The abnormality determination unit 66 holds the learned abnormality determination model, determines whether the motion of the person is abnormal using the learned abnormality determination model based on the feature information indicating the appearance feature, the motion feature, and the relational feature, and outputs a motion abnormality label indicating whether the motion of the person is abnormal. Here, the motion abnormality label is a binary label, and in the present embodiment, in a case where the motion abnormality label is 1, it indicates that the motion is abnormal, and in a case where the motion abnormality label is 0, it indicates that the motion is normal.

Operation of Learning Device According to Present Embodiment

Next, an operation of the learning device 10 according to the present embodiment will be described.

FIG. 4 is a flowchart showing a flow of learning processing by the learning device 10. Learning processing is performed by the CPU 11 reading a learning program from the ROM 12 or the storage 14, developing the learning program in the RAM 13, and executing the learning program. Furthermore, a plurality of pieces of video data for learning is input to the learning device 10 and stored in the learning video database 20.

In step S100, the CPU 11 inputs the learning video data segment group stored in the learning video database 20 to the object detection learning unit 22.

In step S102, as the object detection learning unit 22, the CPU 11 learns the object detection model by using the object type and the training data indicating the object region based on the learning video data segment group. Here, the object region is bounding box information.

In step S104, the CPU 11 outputs the learned object detection model to the feature extraction unit 26 as the object detection learning unit 22.

In step S106, the CPU 11 inputs the learning video data segment group stored in the learning video database 20 to the person motion learning unit 24.

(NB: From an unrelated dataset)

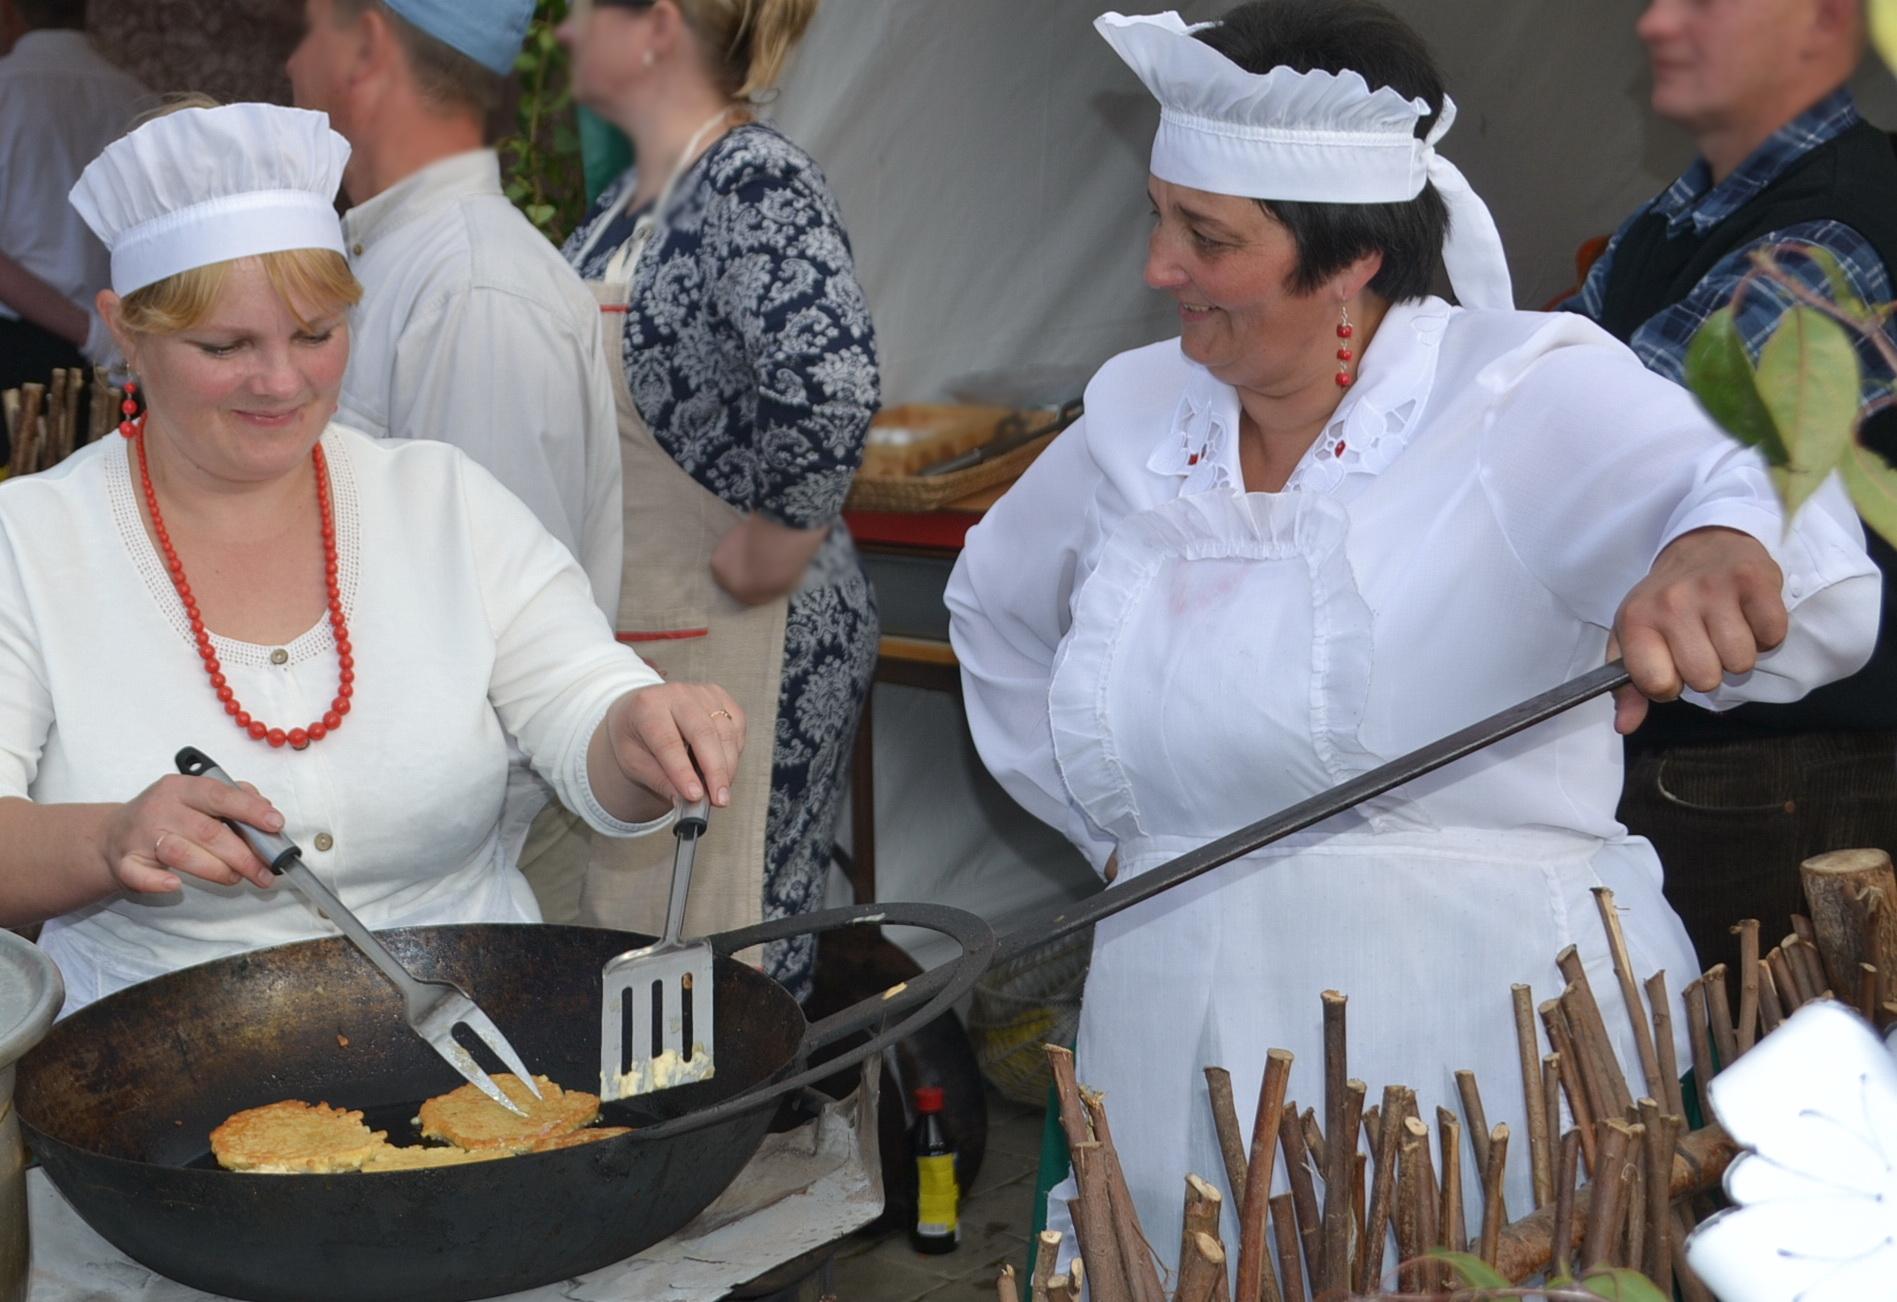 Natkiškietės kepė blynus su obuoliais, o Gaspadinė ir Gaspadorius vos spėjo svečiams girą pilstyti.

In step S108, as the person motion learning unit 24, the CPU 11 learns the motion recognition model using the training data indicating the motion type based on the learning video data segment group. Here, the motion type of the training data includes a motion of a person such as walking or running.

In step S110, the CPU 11 outputs the learned motion recognition model to the feature extraction unit 26 as the person motion learning unit 24.

Note that the processing of steps S100 to S104 and the processing of steps S106 to S110 may be performed in parallel. Furthermore, in a case where a model learned in advance with a large-scale open data set is used as the motion recognition model, the processing of steps S106 to S110 may be omitted.

In step S112, the CPU 11 inputs the learning video segment group, the learned object detection model, and the learned motion recognition model to the feature extraction unit 26.

In step S114, as the feature extraction unit 26, the CPU 11 extracts the appearance feature, the motion feature, and the relational feature for each of the learning video segments to generate learning feature information, and outputs the learning feature information to the abnormality determination model learning unit 28.

In step S116, as the abnormality determination model learning unit 28, the CPU 11 learns the abnormality determination model for each of the learning video segments using a label indicating whether the motion of the person is abnormal or normal based on the learning feature information.

In step S118, the CPU 11 outputs the learned abnormality determination model as the abnormality determination model learning unit 28.

Operation of Abnormality Determination Device According to Present Embodiment

Next, the operation of the abnormality determination device 50 according to the present embodiment will be described.

FIG. 5 is a flowchart illustrating a flow of object detection processing by the abnormality determination device 50. The CPU 11 reads out the abnormality determination program from the ROM 12 or the storage 14, develops the program in the RAM 13, and executes the program, whereby the object detection processing in the abnormality determination processing is performed. In addition, video data representing a motion of a person is input to the abnormality determination device 50, and the object detection processing is repeatedly performed for each video segment of the video data.

In step S120, the CPU 11 inputs the video segment of the video data to the object detection unit 60.

In step S122, as the object detection unit 60, the CPU 11 executes the object detection on the video segment using the learned object detection model. Here, object detection may be performed for all frames and one frame may be extracted, or frames to be detected, such as a head frame and an intermediate frame of a segment, may be determined in advance. Alternatively, a method may be used in which a frame in which both a person and an object appear is detected as a condition, and a frame having the largest number of objects is taken out.

In step S124, the CPU 11 outputs the person region information obtained by the object detection to the motion feature extraction unit 62 as the object detection unit 60.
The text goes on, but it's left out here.